When a company carries out a capital increase (issue of new shares in addition to existing ones), investors who buy those new shares acquire a part of the ownership of the company. This has a direct effect on the% of ownership of the original shareholders, which is reduced as a result of the increase in the total amount of shares outstanding.

In other words, the dilution represents a “reduction” in their percentage of ownership for existing shareholders, since, after the expansion, their share is divided by a larger number of shares. This, it is very important to note, does not necessarily imply a reduction in the total “value” of your shares. Although dilution can be a natural consequence of a company's search for funding and growth, it is important that existing shareholders understand their impact on their voting rights, decision-making and the total value of their investment.

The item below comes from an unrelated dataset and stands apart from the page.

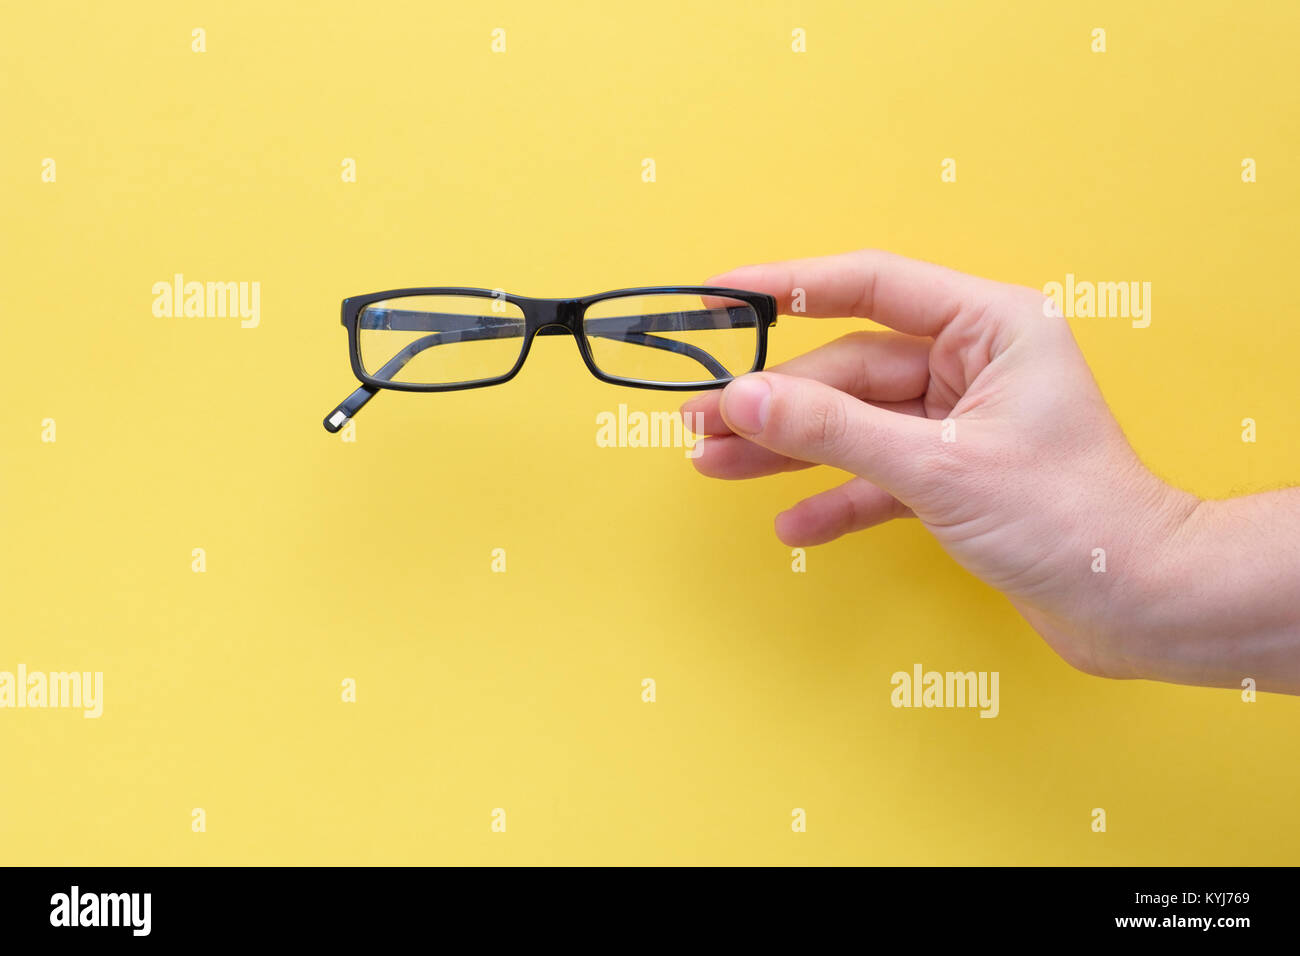 Eyesight concept.Hand holding glasses Stock Photo

For example, if a capital increase implies the loss of control of current investors and the entrepreneurs themselves over the company, what motivates entrepreneurs to seek additional funding through a new round of funding? Raising capital is a strategic step that companies take to ensure that they have the necessary resources to carry out various initiatives and achieve objectives that promote their growth and development. Some of the most common reasons behind a capital increase include:

  • Financing for growth: One of the most common reasons for carrying out a capital increase is to obtain the necessary funds to expand operations and increase market presence. These funds can be used to increase production, enter new markets, launch new products or services, and/or strengthen the customer base.
  • Investment in new projects: Companies can carry out a capital increase to finance research and the development of new innovative projects. This could include exploring new technologies, creating revolutionary solutions, or expanding into areas of strategic opportunity.
  • Team expansion: As the company grows, it may be necessary to hire new employees and expand the team to manage larger and more complex operations. Raising capital can provide the resources needed to hire and train new talent.
  • Acquisitions and mergers: When a company plans to acquire or merge with another, it may require a capital increase to finance the transaction. The funds raised can be used to buy other companies or to effectively integrate assets and operations.
  • Debt reduction: In some cases, companies can use funds from a capital increase to pay off existing debts. This can help improve financial health and lower interest costs.
  • Infrastructure and Technology: Modernizing infrastructure, equipment and technological systems can require significant investment. A capital increase can provide the necessary funds to improve operational efficiency and remain competitive in the market.
  • Compliance with regulatory requirements: In certain industries, companies may need to comply with specific regulatory or financial requirements that require a capital increase. This may be necessary to maintain licenses, comply with minimum capitalization standards, or other regulations.- Strategic opportunities: Companies can take advantage of strategic opportunities, such as investments in promising startups or joint projects with other market players. Raising capital can provide the resources to capitalize on these opportunities.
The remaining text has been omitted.